This line from Roxy makes sense, as a person wholly ensconced in the idea of their own self and always being in control of themselves and their own mind and faculties they would hate anything at all that causes that iron mental grip to slip
That’s probably why Dirk avoided sleep even when his dreamself was awake, even sleeping and dreaming was considered a form of himself losing control over himself that he couldn’t integrate the idea himself and his dreamself were the same person rather than two identical people and also I remember that the Jujupop didn’t affect him either
Later on Dirk in the narrative will say something about his own trauma, but not really go into what it is, but if I had to hazard a guess (and really it’s not much of a guess at this point)
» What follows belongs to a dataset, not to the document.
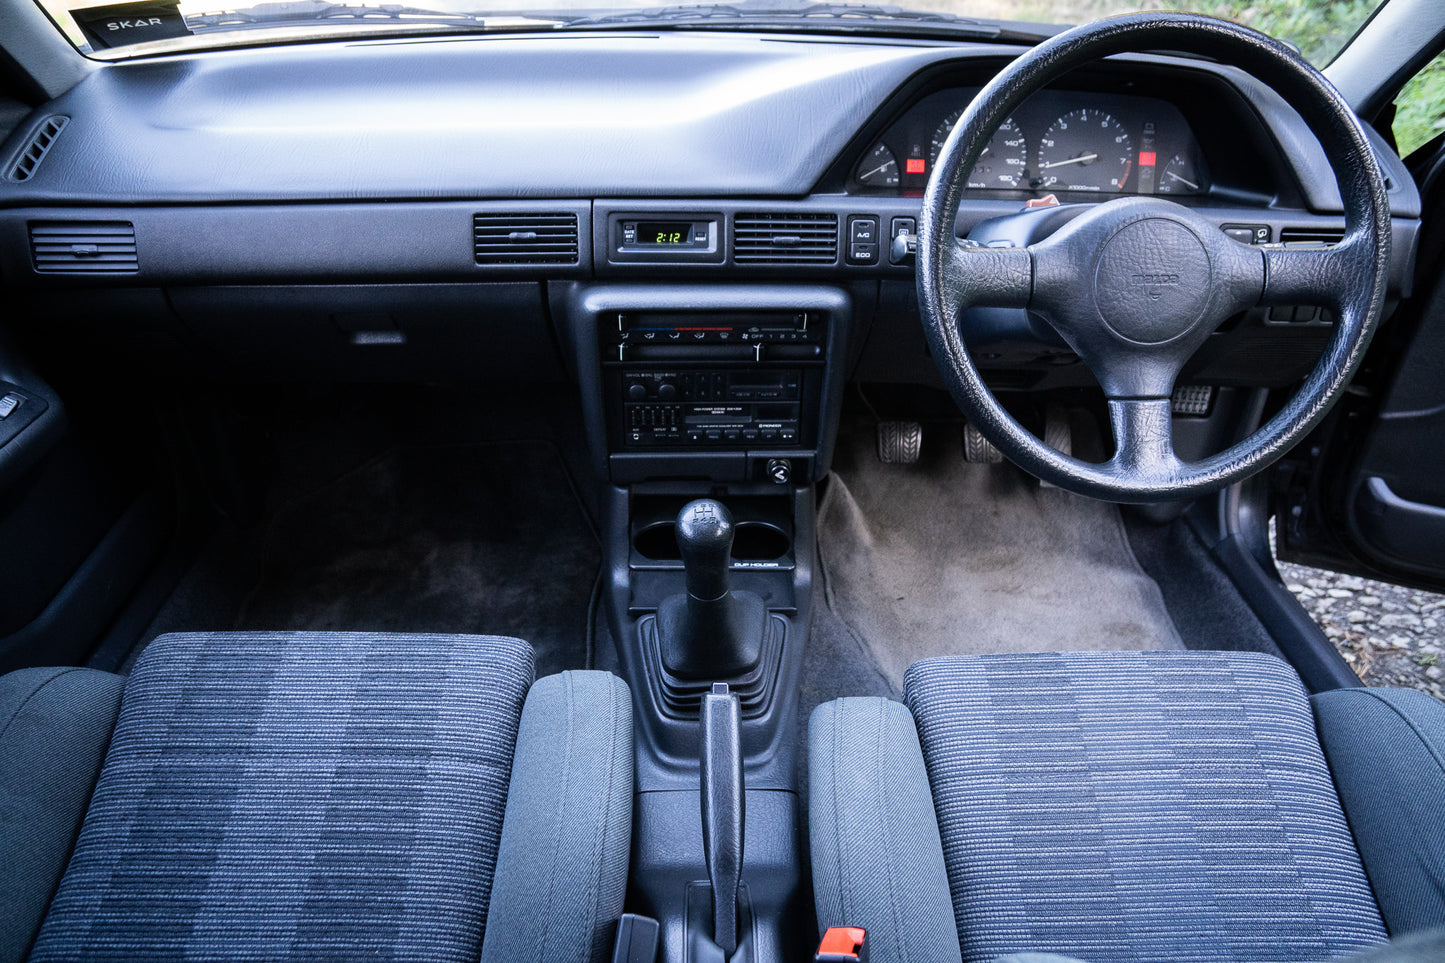 Mazda Familia GTX - 1990
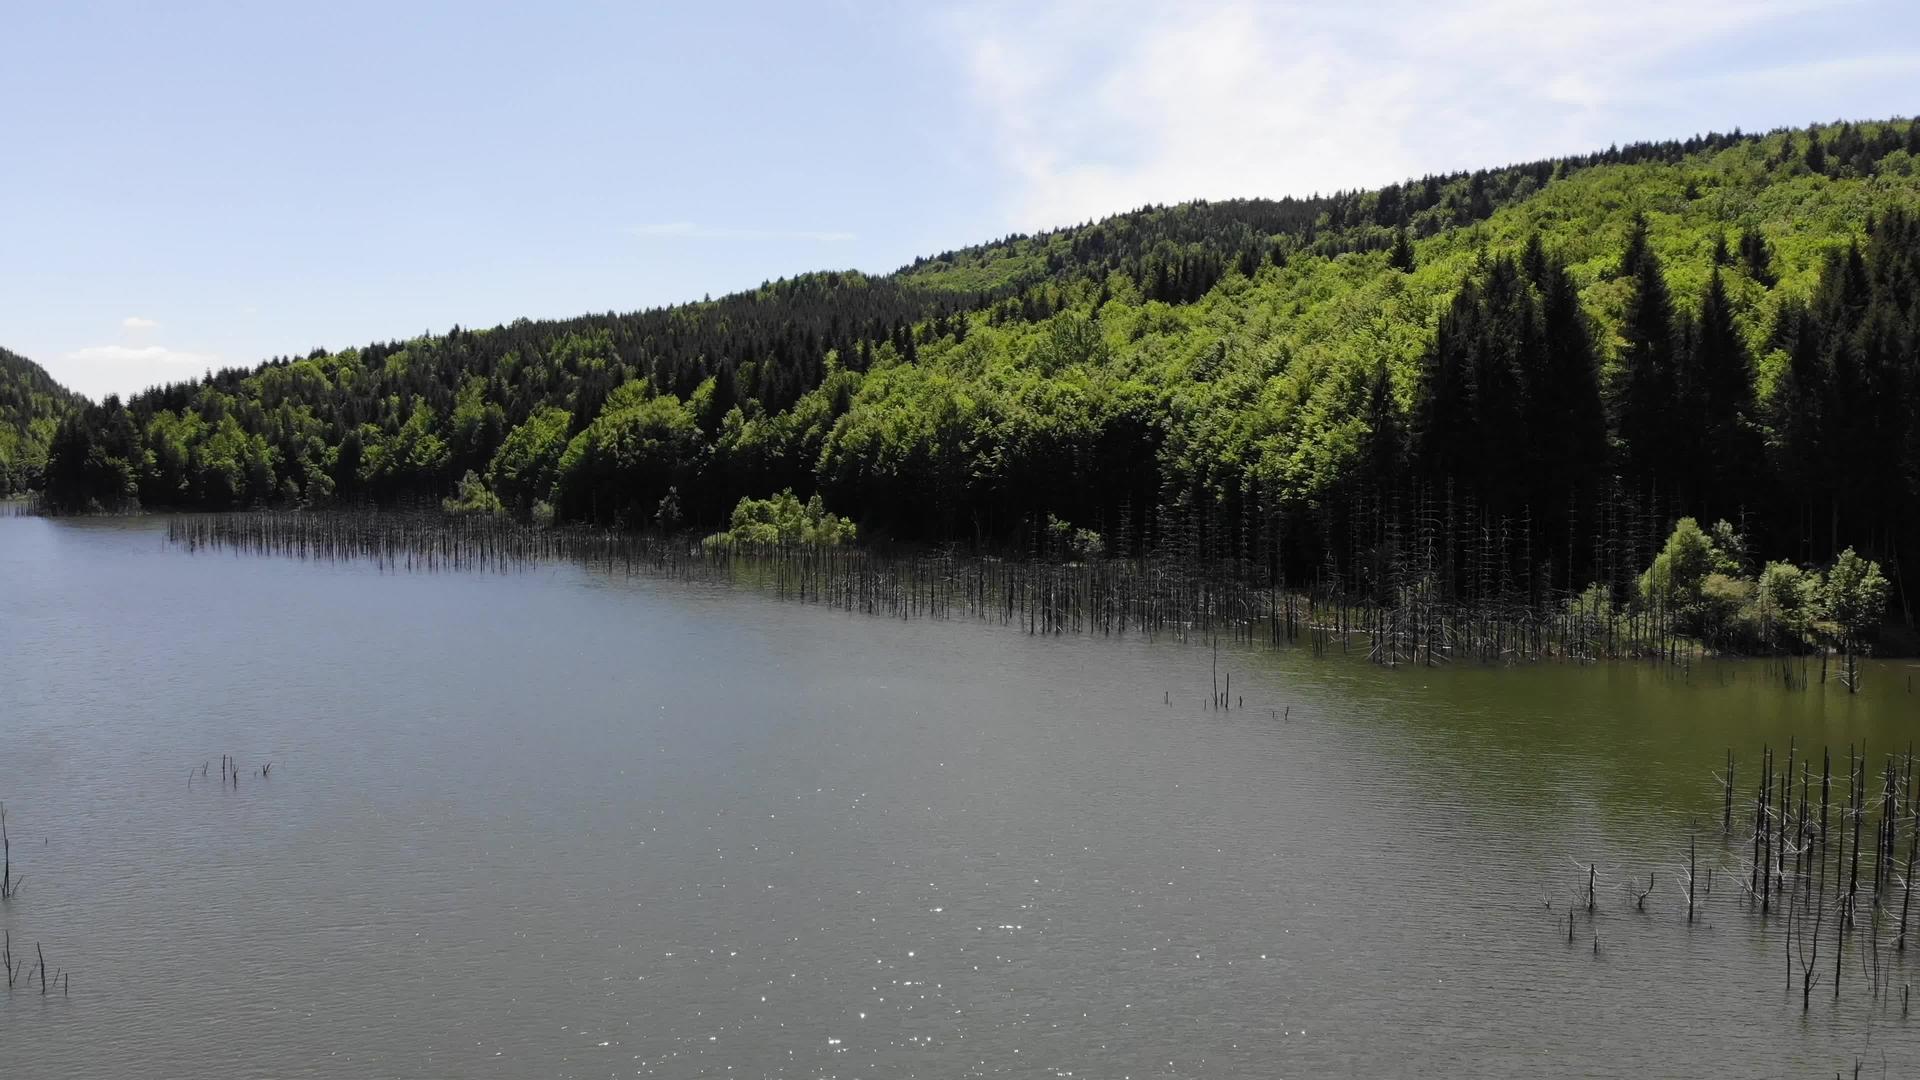 Cuejdel这个湖出生于30年前在河上坠落今天是欧洲视频的预览图

Dirk probably has memories of a version of himself being under the mental influence of another, Lil Cal, LE, Doc Scratch etc what have you, So Narrative Dirk may actually be a version of Dirk who’s not quite yet poisoned into being a version of those 3, but his words also hinted that just because he’s aware of a certain way that he’s acting doesn’t make him more likely to stop it
Like he’s equating that you can be aware of the influence something else is having on you and in the exact ways it is influencing you without being able to stop, the exact thing he is traumatized and afraid of being most likely
So his one driving fear, is he does not want to lose control of his own soul, his own being, his own way of life and existing, to something else, something other. Even though he most likely is fully aware of the things and mannerisms of the other that have slipped into himself? Like he’s probably fully aware of the similarities between himself and those mentioned above, but maybe the thing that he’s hinging on is that instead of those guys poisoning him into being like them, instead perhaps he can convince himself that it’s his own self influencing others to act like himself instead. His influence reaching out and expanding instead of shrinking as he fears it
Anyway, Dave and Kanaya have a cute moment, I really like that
We get a nice shot of them in shadows against a backdrop of stars and Kanaya starts talking about a story Rose would once tell so that’s story is already gonna be dripping in metaphorical potential
“ A Wriggler Story About A Young Prince And The Beloved Flower He Loved And Lost”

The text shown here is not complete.